George Gurdjieff solía decir a sus discípulos algo fundamental: «No tengáis en cuenta a los demás, si no no creceréis nunca». Y eso es lo que está sucediendo en todo el mundo, que todos se ponen a tener en cuenta a los demás: «¿Qué pensará mi madre? ¿Qué pensará mi padre? ¿Qué pensará la sociedad? ¿Qué pensará mi esposa, mi marido…?». ¿Qué puede decirse de los padres…? ¡Incluso temen a los hijos! Porque piensan: «¿qué pensarán nuestros hijos?». La gente tiene en cuenta a los demás, y entonces resulta que hay millones de personas a las que tener en cuenta. Si vamos por ahí teniendo en cuenta a todo el mundo, entonces nunca seremos individuos, sólo un batiburrillo. Con tantos compromisos como habéis adquirido, tendríais que haberos suicidado hace mucho.

Se dice que hay gente que muere a los treinta años y que los entierran a los setenta. La muerte sucede muy pronto. Creo que decir que a los treinta no es correcto, la muerte sucede incluso mucho antes. Alrededor de los veintiuno, cuando la ley y el estado te organizan, convirtiéndote en un ciudadano, ése es el momento en que muere una persona. De hecho, es cuando te reconocen como ciudadano: ahora ya no eres peligroso, ya has dejado de ser salvaje, ya no eres un bruto sin refinar. Ahora todo está bien en ti, todo correcto; ahora te han ajustado a la sociedad. Eso es lo que significa el que tu nación te conceda el derecho de voto: la nación puede estar ahora tranquila porque te ha destrozado la inteligencia, y por ello puedes votar. No hay nada que temer; ahora eres un ciudadano, un hombre civilizado. Has dejado de ser un hombre, ahora eres un ciudadano.

He observado que la gente muere alrededor de los veintiún años. A partir de entonces, la existencia es póstuma. En las tumbas deberíamos empezar por escribir tres fechas: nacimiento, muerte y muerte póstuma.

Se dice que una persona es ingeniosa cuando sabe resolver dificultades, y que es sabia cuando sabe cómo evitarlas. Sé sabio. ¿Por qué no cortarlo todo de raíz? No creas, y no habrá razón para ser incrédulo, y la dualidad nunca surgirá, y no necesitarás hallar una manera de salir de ello. Por favor, no os metáis en eso.
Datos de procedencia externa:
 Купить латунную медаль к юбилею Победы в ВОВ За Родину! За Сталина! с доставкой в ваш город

La verdad es individual, y la masa no se preocupa por la verdad. Le preocupa el consuelo; le preocupa la comodidad. La masa no consiste en exploradores, aventureros, en gente que se adentra en lo desconocido, valientes… que arriesgan sus vidas para hallar el significado de sus vidas y de la vida de todo lo que existe. La masa sólo quiere que le regalen los oídos con cosas agradables y cómodas, para así relajarse tranquilamente en esas palabras de consuelo.
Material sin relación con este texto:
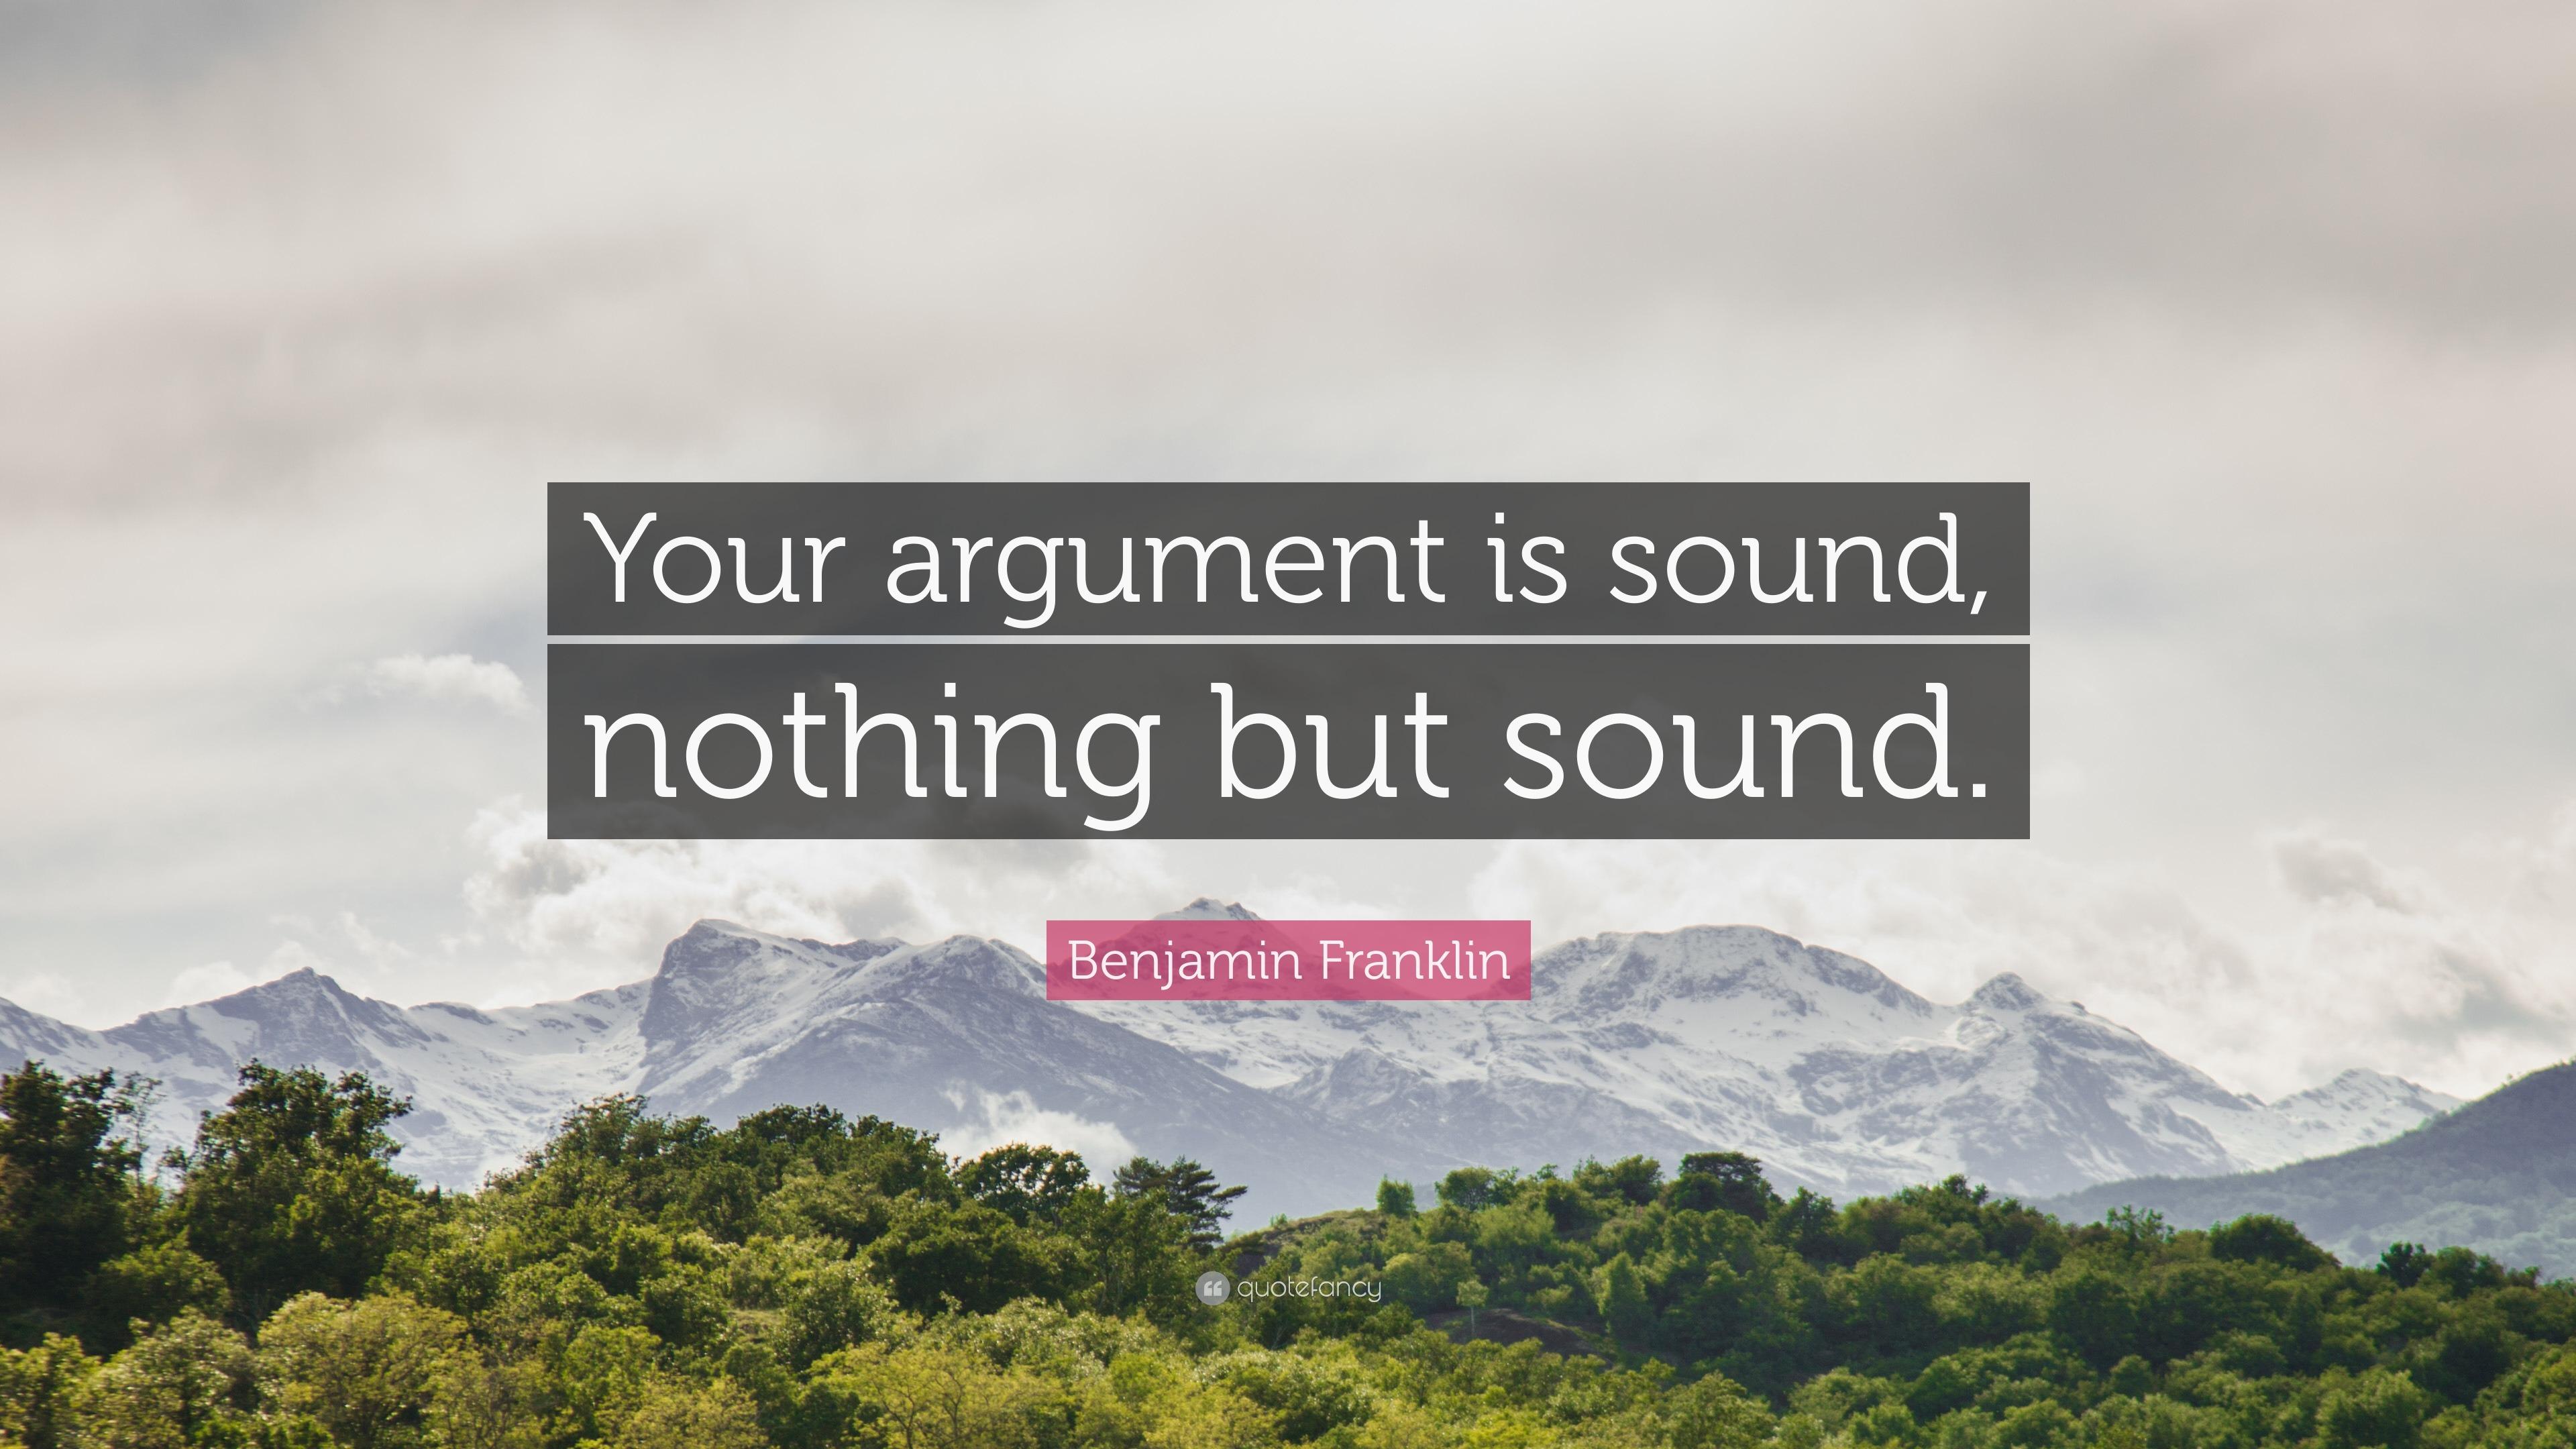 your argument

La última vez que me acerqué por mi pueblo natal fue en 1970. Uno de mis antiguos maestros, con quien siempre había mantenido una relación cariñosa, se hallaba en su lecho de muerte, así que lo primero que hice fue dirigirme a su casa.

Su hijo me recibió en la puerta y me dijo:

–No le moleste, por favor. Está a punto de morir. Le quiere a usted, le ha estado recordando, pero sabemos que su presencia puede arrebatarle su consuelo. No le haga eso cuando está a punto de morir.

Yo le contesté:

–Si no estuviese precisamente a punto de morir habría hecho caso de tu consejo, pero ahora tengo que verle. Si justo antes de morir abandona sus mentiras y consuelos, su muerte tendrá un valor mucho mayor que el que ha tenido su vida.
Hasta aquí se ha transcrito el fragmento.